Dan Murad also expects the combined company to generate significant value from procurement, manufacturing and organisational efficiencies, while warning that reduced competition could ultimately influence pricing. “I expect a large amount of value will come from raw material savings (e.g., Huntsman feedstock cost reduction), SG&A (redundant resources across the board ) and operational efficiencies (including rationalization of customers, SKUs, formulas, products, etc., integrating production, etc.) and pricing. No doubt with fewer competitors, pricing will likely increase particularly with Chinese firms under the anti-dumping laws in place.”

Integration will be critical

Turning strategic ambitions into measurable results, however, will depend on the successful integration of the two businesses. Doug Bohn believes delivering the planned synergies while maintaining innovation and customer service will ultimately determine whether the merger creates lasting value. “The company needs to achieve its cost savings targets (USD 300 million in 3 years and USD 400 million in 5 years). Perhaps more importantly the company needs to continue developing new products and serve its customers” he states. “The new company will be larger and should be stronger financially to compete with other chemical companies from around the world. If it can do that and avoid the integration risks, it should be able to grow market share. So increasing sales revenue above the growth of the market is another indicator of success.”
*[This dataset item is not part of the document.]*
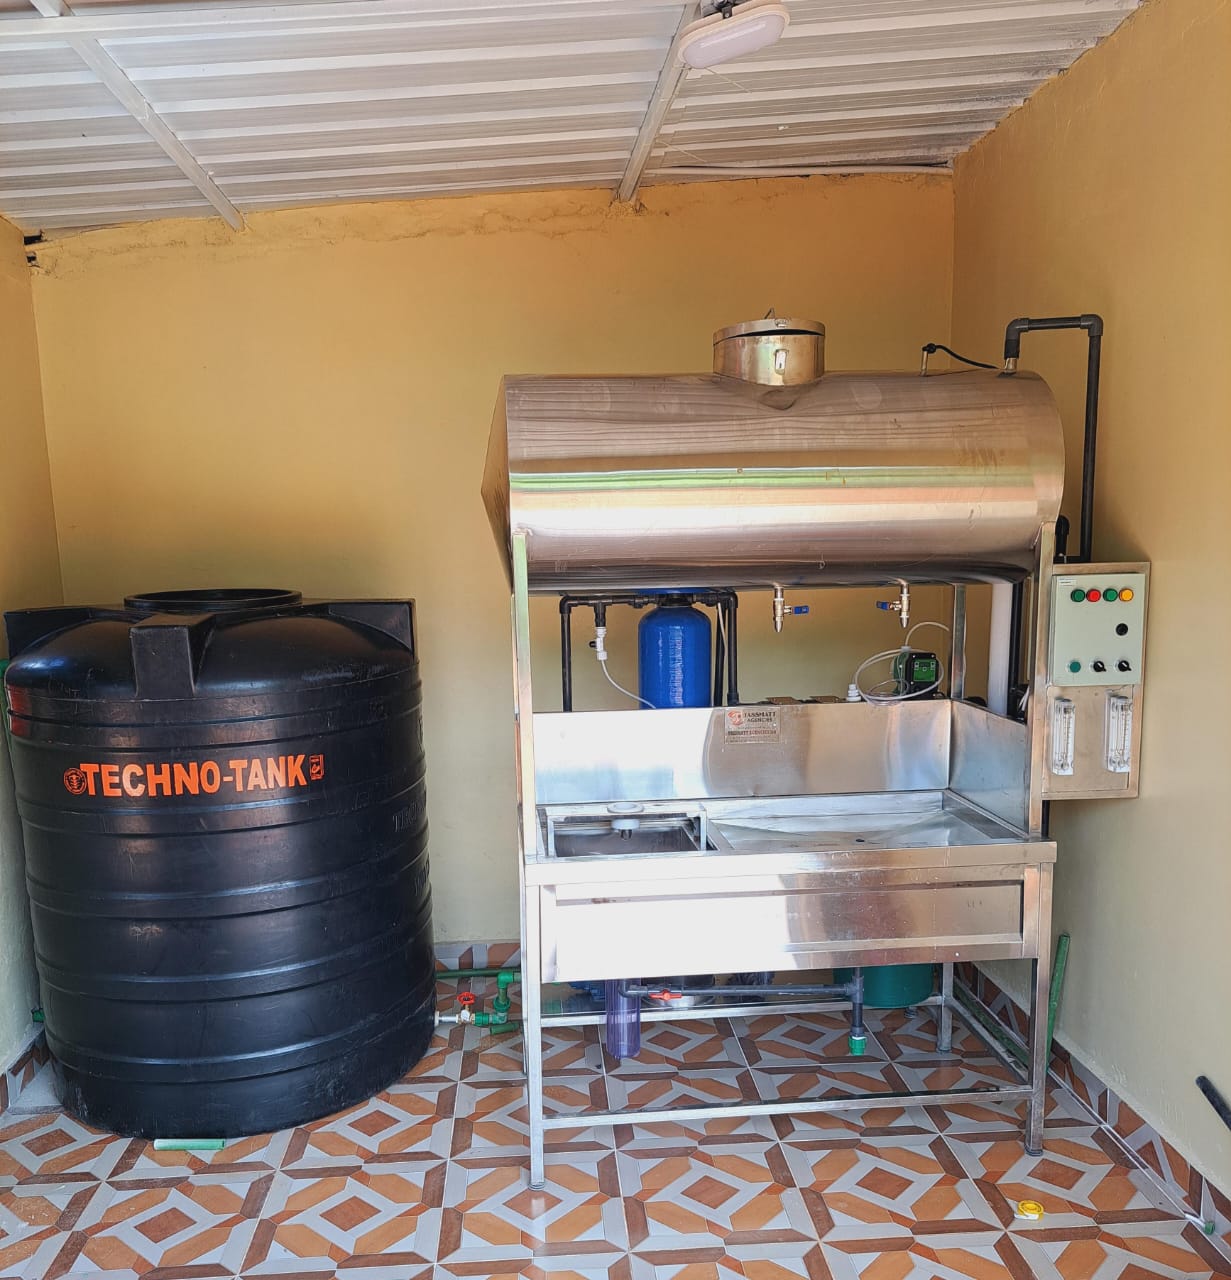 Kitui Entrepreneur Churns Crystal Clear Water with Tassmatt's Three-in-One Purification System

At the same time, he warns that integrating two organisations of this size is unlikely to be straightforward: “I think that the main execution risks is that to achieve the operations and asset footprint cost savings, the companies will need to close plants. That is never easy and will require transferring production from one plant to another.” According to Bohn, transferring production between sites can create unforeseen technical and operational challenges. “In practice, this is difficult since no two plants are exactly the same and this often results in unexpected problems both from a cost standpoint as well as quality and consistency of production standpoint”, he underlines.

The integration of business processes presents another hurdle. “Also, there is a planned USD 150 million in SG&A cost savings. This means that the sales and administrative functions of the two companies need to be combined and reduced,” says Bohn. “Again, this is never easy. Different ERP systems and ways of doing business need to be integrated. This can often lead more costs as one company may need to convert from one ERP setup to another and employees will need to be trained and get used to a new way of doing business. This can lead to more costs and time for the companies to get the perceived benefits.”
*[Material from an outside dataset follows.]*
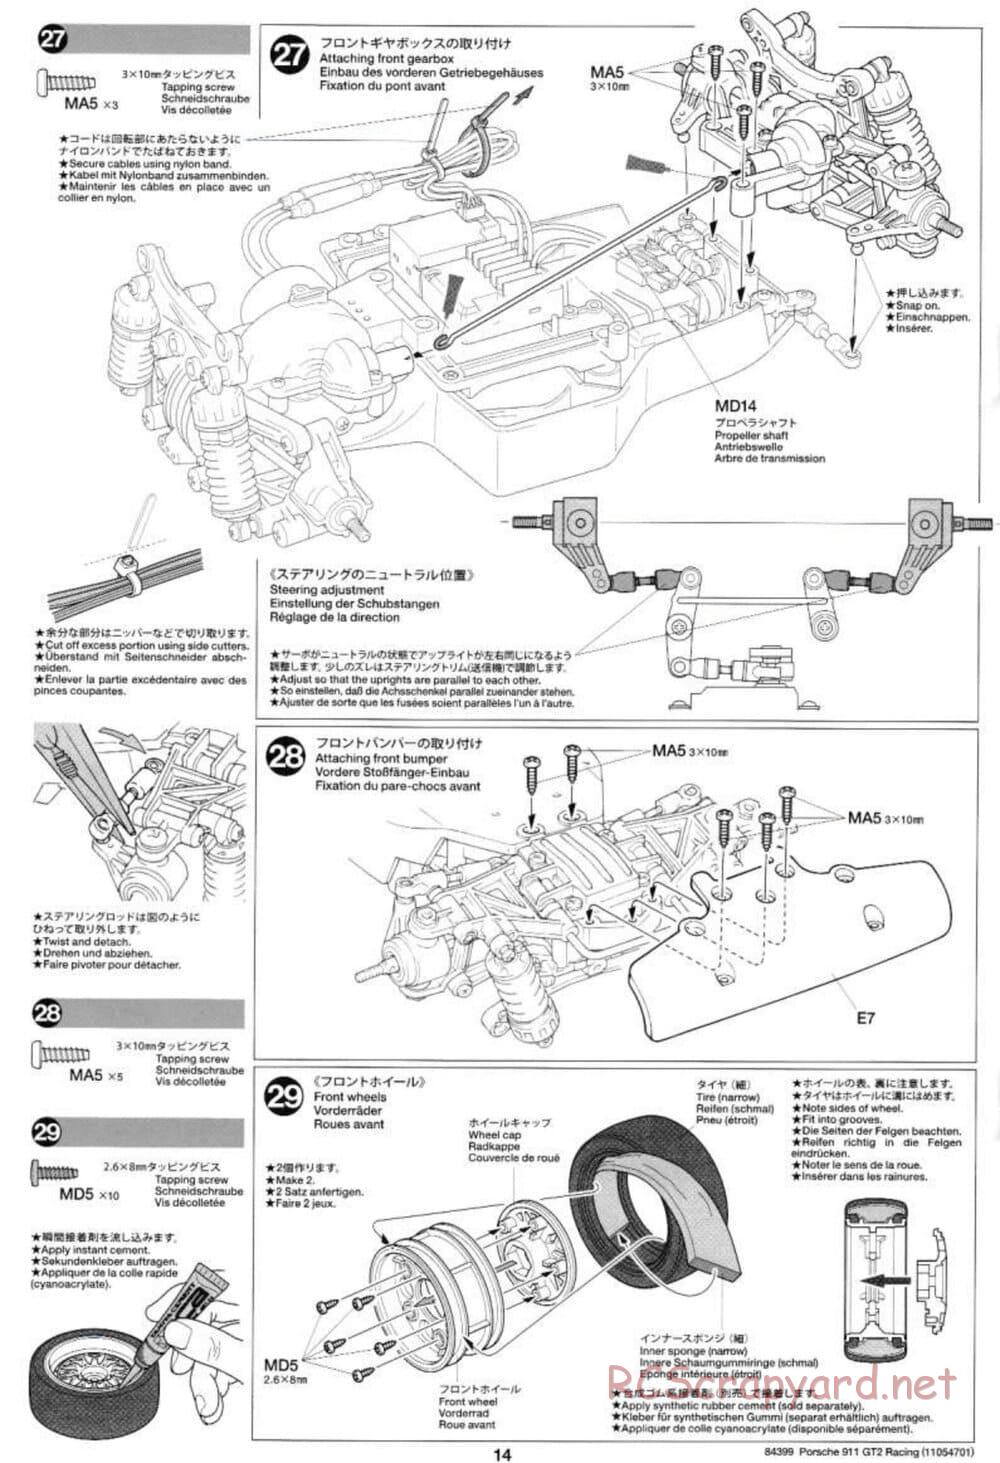 Tamiya - Porsche 911 GT2 Racing - TA02SW Chassis - Manual - Page 14

Beyond the operational aspects, Bohn believes management focus will be critical during the integration process. “As the above comments indicate, the complications of integrating two large companies can be challenging. The main risks are that the integration takes longer than expected and does not achieve the targeted benefits”, he states. “The management of the companies may become distracted during the integration and instead of focusing on developing new products for its customers and improving its internal operations, it is focused on the integration and then falls behind.”
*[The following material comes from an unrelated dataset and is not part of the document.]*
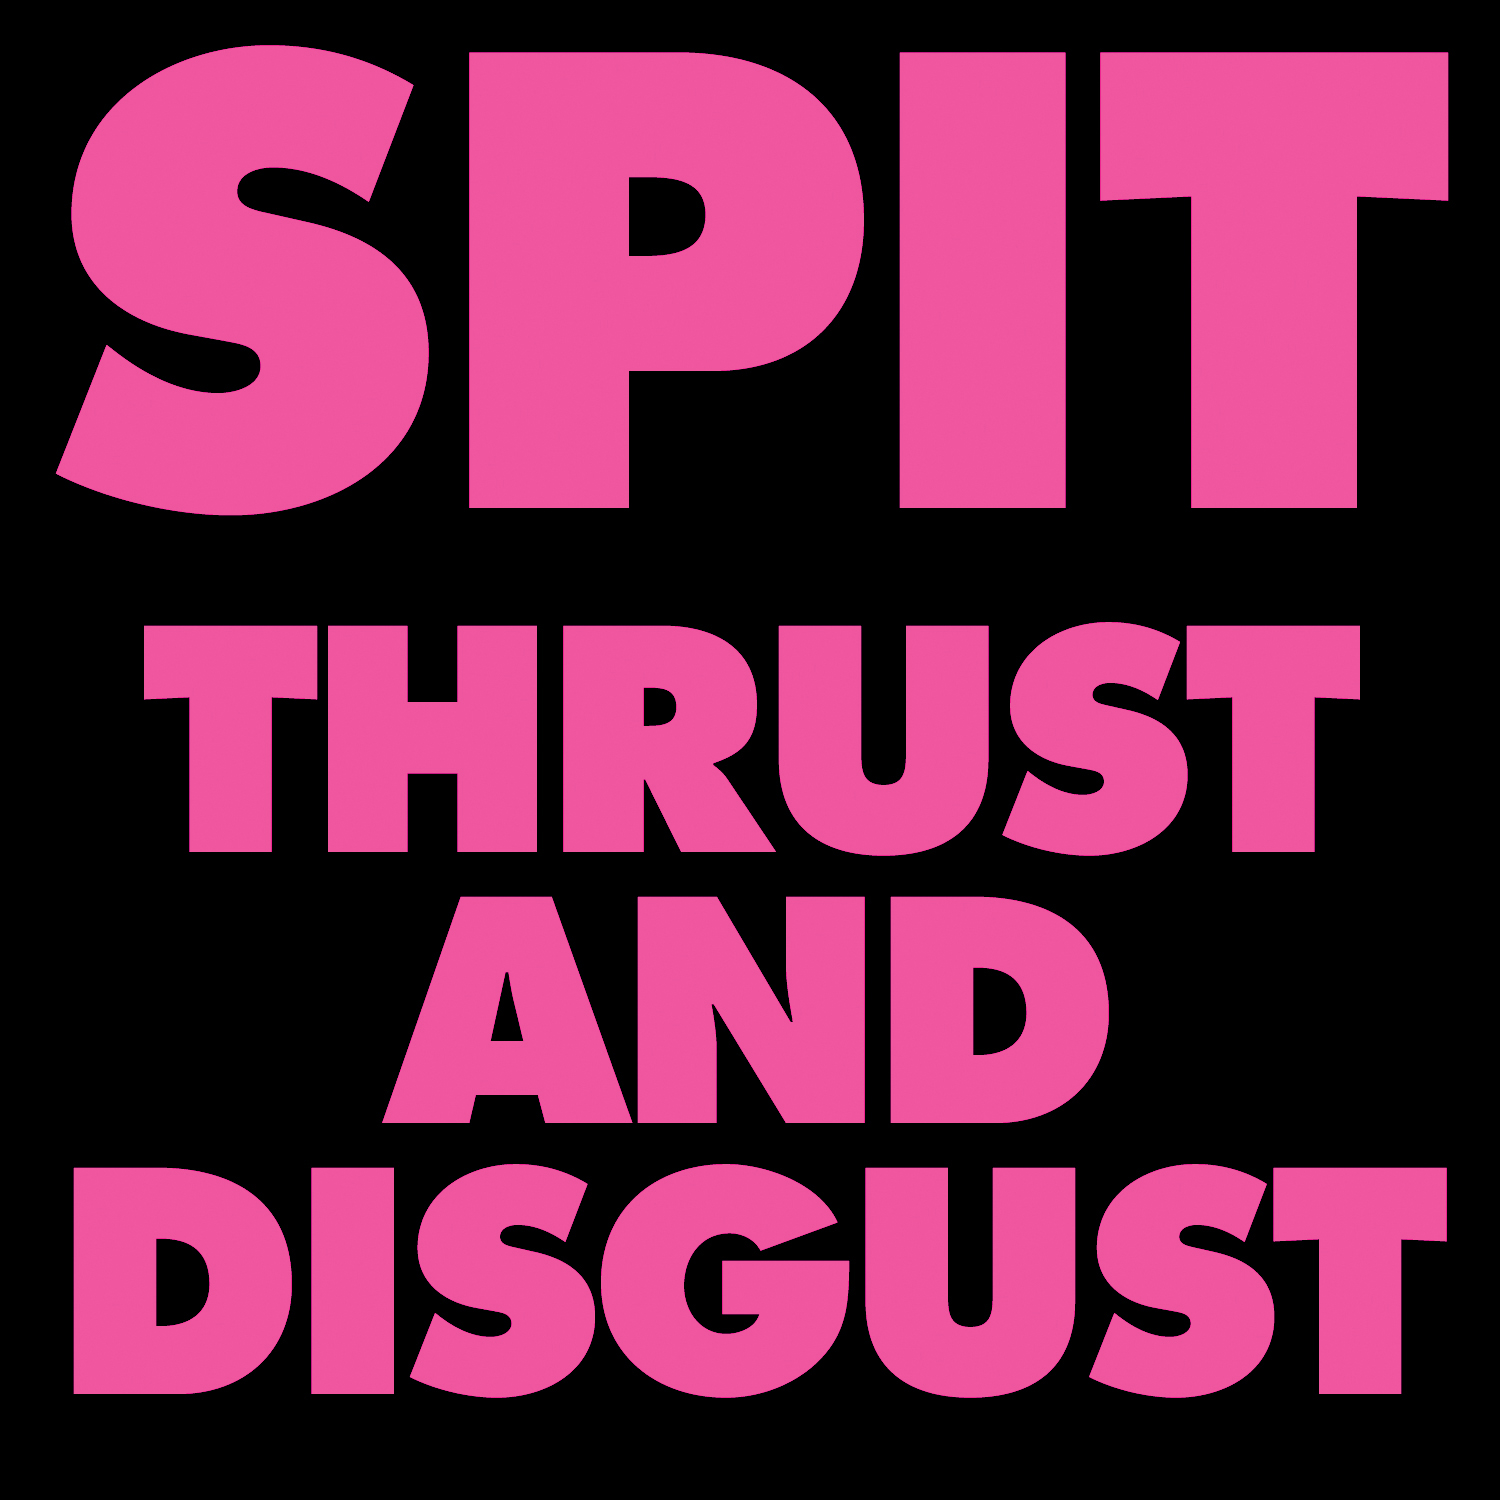 Thrust and Disgust

This is one of the areas where Murad also sees potential challenges for the coatings industry. He believes increasing market concentration could slow the pace of innovation. “The precedence in a highly concentrated market is toward lower innovation mitigating risk of substitution of existing share. Whilst that’s already happened in epoxies, I expect the trend to continue.” Murad also believes customers will seek to diversify their supply base in response to the merger.: “I expect for those customers that would become sole sourced as a result of the merger, they will immediately begin qualifying new sources as a means of continuity of supply.”